Because of the importance of DST in dialogue systems, their development attracted lots of research both in academia and industry. Typical dialogue systems are modeled for a fixed ontology consisting of a single domain [9, 20, 14], and the domain ontology schema defines intents, slots and values for each slot of the domain. Though this approach simplifies the DST task, making it domain specific, nevertheless it has additional significant real-world limitations. Firstly, this approach imposes that the values for each slot are predefined, while in real situations the number of possible values for a given slot could be large (e.g. departure city) and it is not feasible to enumerate all possible values for a slot of any external service via an API [19]. Secondly, the fixed domain approach has the consequence that any modification in the domain schema, such as the inclusion of a new slot, would require retraining the model before deploying it. Thirdly, the domain knowledge learned by the system on a certain domain can not be transferred to a new domain. This last point is particularly interesting for large-scale conversational agents, such as Alexa, Siri, Google Assistant or Cortana, as they have to interact with various external services and APIs, and they would benefit from the possibility to use knowledge from one domain for another similar domain. Recent research have proposed new approaches to tackle some of the above challenges. [12] proposed to use the concept of candidate set to tackle the unbounded set of values for a given slot. [11] proposed neural belief tracker (NBT) for multi domain belief tracking. NBT uses semantic similarity between dialogue utterance and ontology terms to make prediction. NBT cannot be used to predict for non-categorical slot value. [18] proposed Transferable Multi-Domain State Generator (TRADE) that generates dialogue state directly from the dialogue utterance using a copy mechanism. Since TRADE model is a generation based approach, predicting for categorical values is not straight forward and requires change in architecture.

In this paper we propose a domain-aware dialogue state tracker, able to serve any new domain, intent, slot or value without the need for re-training. We propose this model for the Schema-Guided State Tracking111https://github.com/google-research-datasets/dstc8-schema-guided-dialogue challenge [13] at the Eighth Dialog System Technology Challenge (DSTC8) [8]. The proposed model is inspired from the works of [13] and [1].
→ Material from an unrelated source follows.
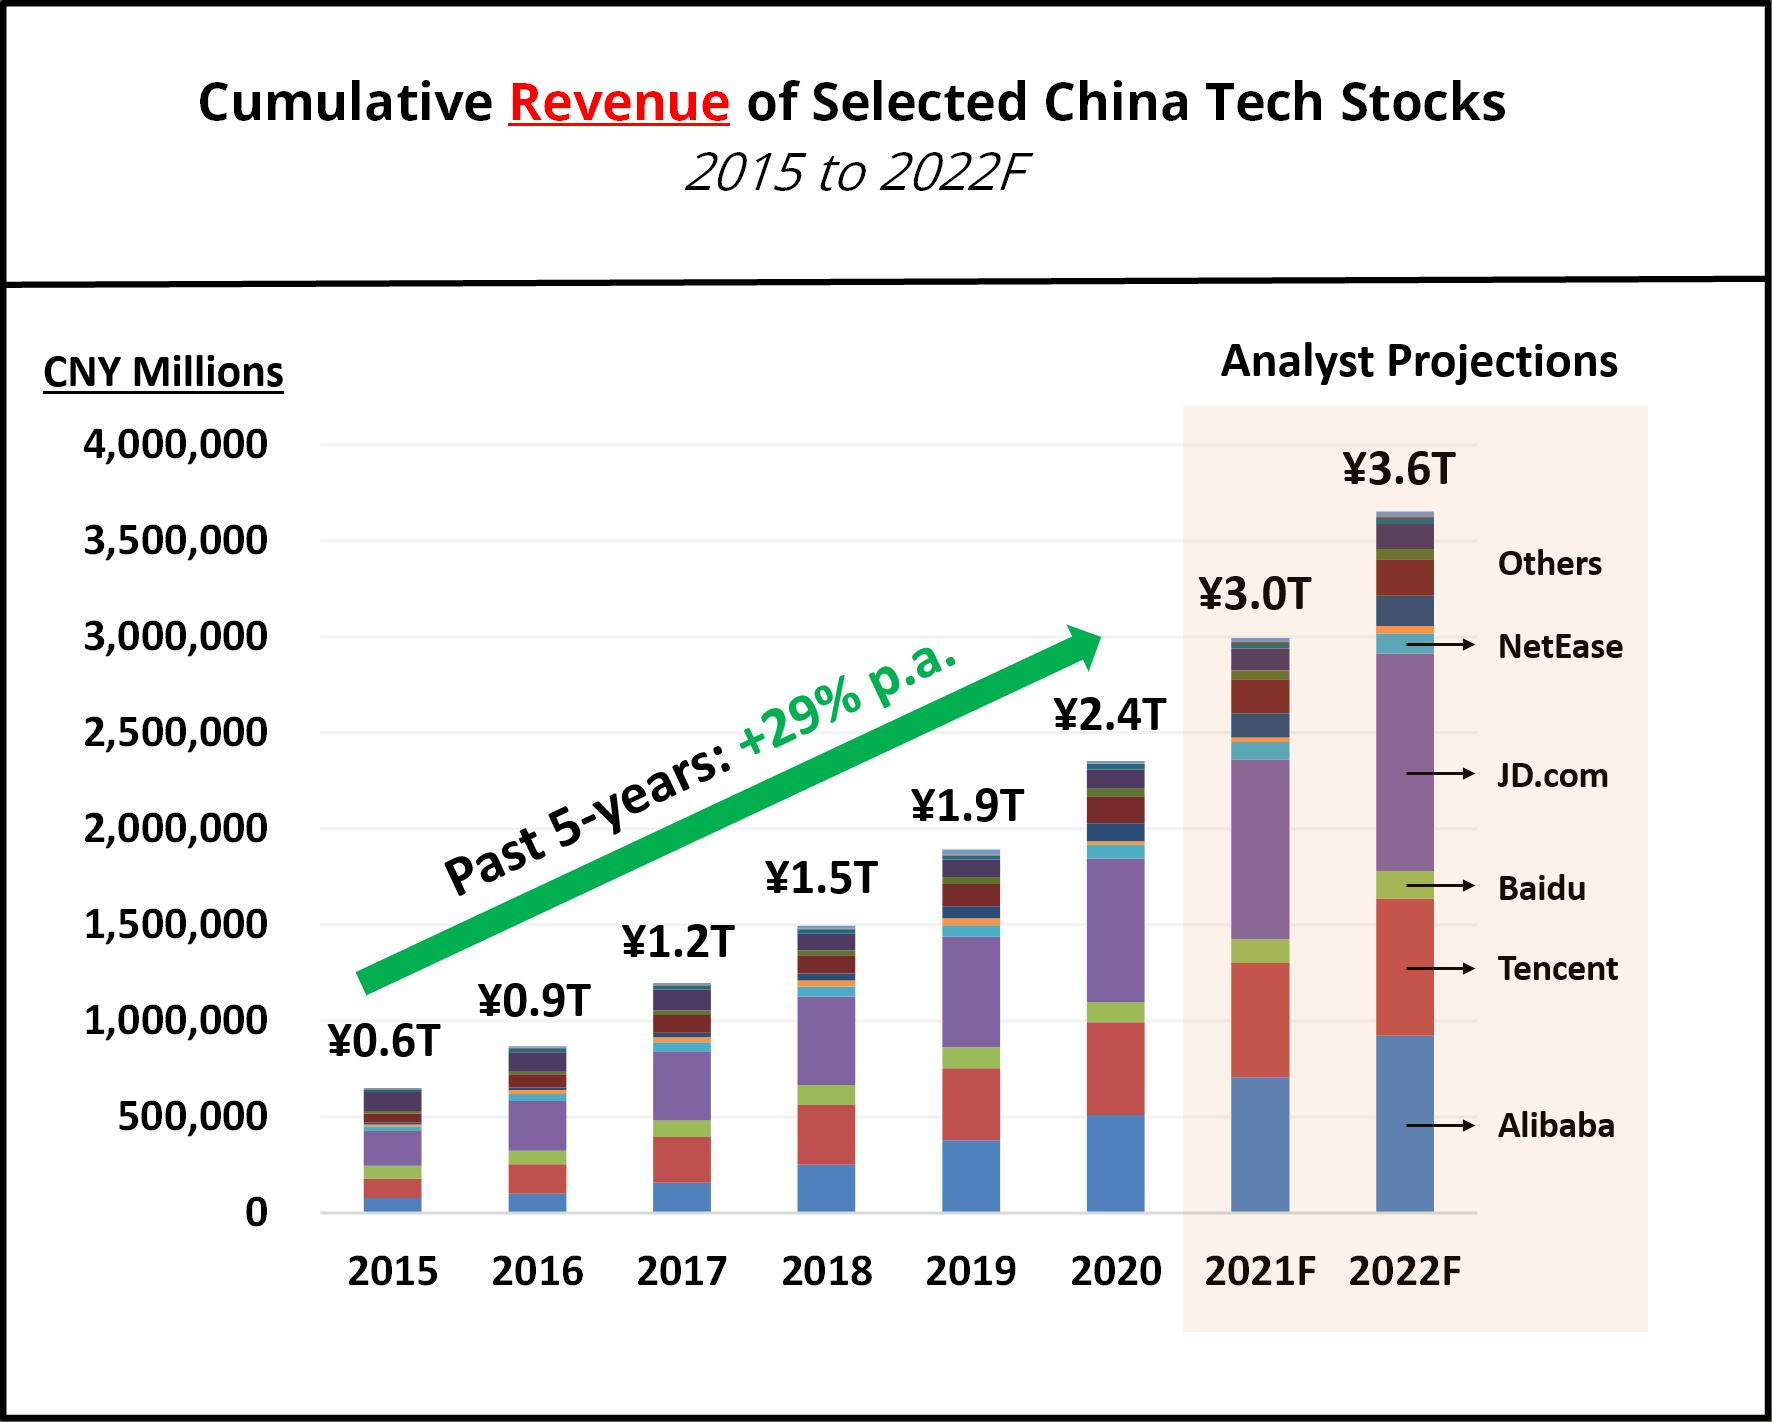 srcset=https://i2.wp.com/theinvestquest.com/wp-content/uploads/Cumulative-revenue-China-tech-stocks.png?w=1772&ssl=1

The proposed domain-aware DST is modeled to read the schema of a domain for a dialogue and then make predictions for the domain based on this schema. Since the schema of the domain is not predefined in the model, it allows for easy integration with new schemas and domain transfer including zero-shot dialogue state predictions. We achieve this by leveraging a pretrained language model, BERT [4], which provides semantic representations for both the domain schema and the dialogue history. The domain-aware DST model then learns the relationship between the schema and the dialogue history based on the training data, and applies it to new schemas in the test data. In particular, we use a multi-head attention mechanism to extract both domain and slot specific representations from the dialogue history based on the schema, and to learn the relationship between these representations and the schema representation to make dialogue state predictions. The evaluation on the task shows that the proposed approach outperforms the baseline for both single-domain and multi-domain dialogues both in the schema-guided dataset (SGD) and in the WoZ2.0 dataset.
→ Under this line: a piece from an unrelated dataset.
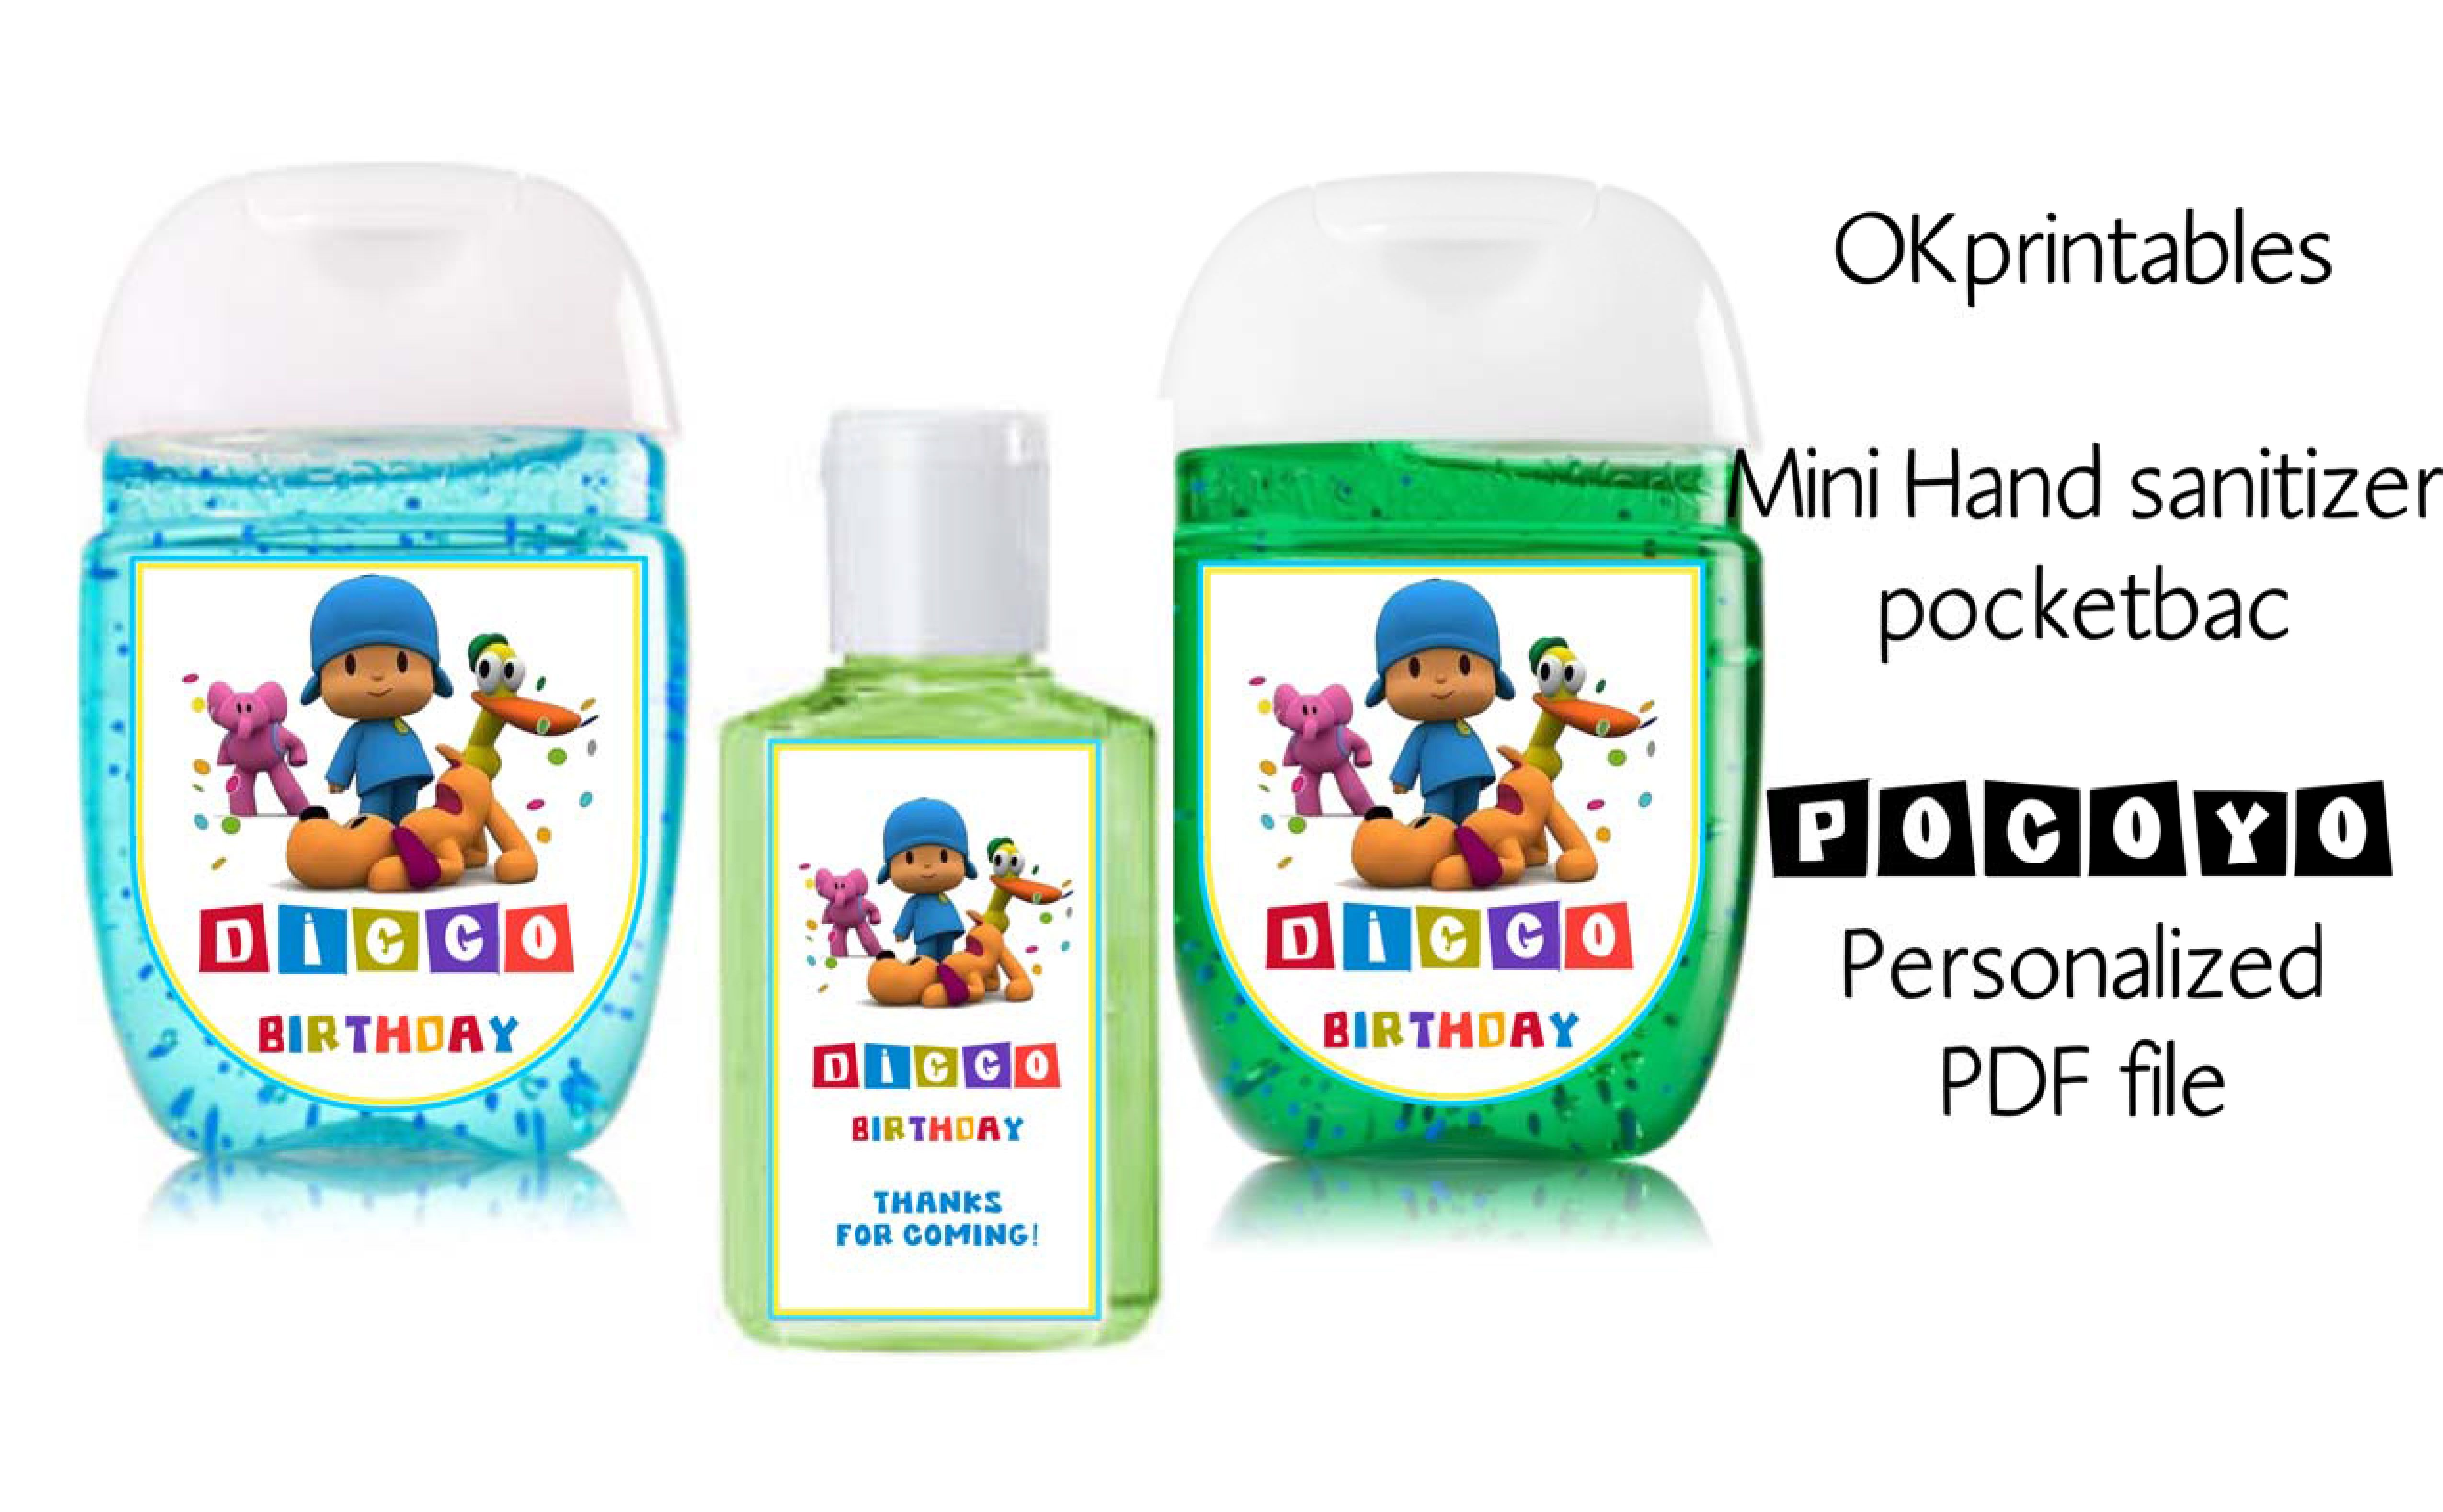 Birthday Personalized Hand Sanitizer Personalized Birthday

2 Schema-Guided Approach to DST

Typically, a task-oriented dialogue dataset consists of a single domain with a predefined ontology, which is used both for training and for testing [6, 16]. Recent work has shown promise in modeling multi-domain dialogues and has facilitated the release of multi-domain dialogue datasets, such as MultiWOZ [2] and FRAMES [5]. However, these datasets still do not sufficiently capture the challenges that arise in scaling virtual assistants for real production, such as the ability to easily integrate new external services and handling new domains [13]. Thus, DST models built using existing datasets can not be evaluated for their ability to integrate new services or to predict dialogue states for a different domain, possibly without training data (zero-shot learning). This is mainly due to the fact that different datasets consist of a different schema and that they are incompatible with each other.

To address the above challenges, [13] propose a schema-guided approach that allows easy integration of new services and APIs. In this approach, each service consists of a list of intents and slots supported by the service, along with their natural language descriptions. The supported slots could either be categorical or non-categorical; and if categorical, all the corresponding values are also defined. The details in the schema, such as service name, slot names, intent names, value names and their natural language description are used to obtain a semantic representation for the domain/service, which can be used in prediction. A sample schema for a given service in the schema-guided dataset is shown in Figure 1.

Figure 1: A sample schema for a banking service from the schema-guided dataset.

Each service provides a schema, similar to the one reported in Figure 1, listing all the slots and the intents supported by the service. The model is then trained to make predictions based on the schema of the service. Adopting this schema-guided approach helps to build models that contain no domain or service specific parameters.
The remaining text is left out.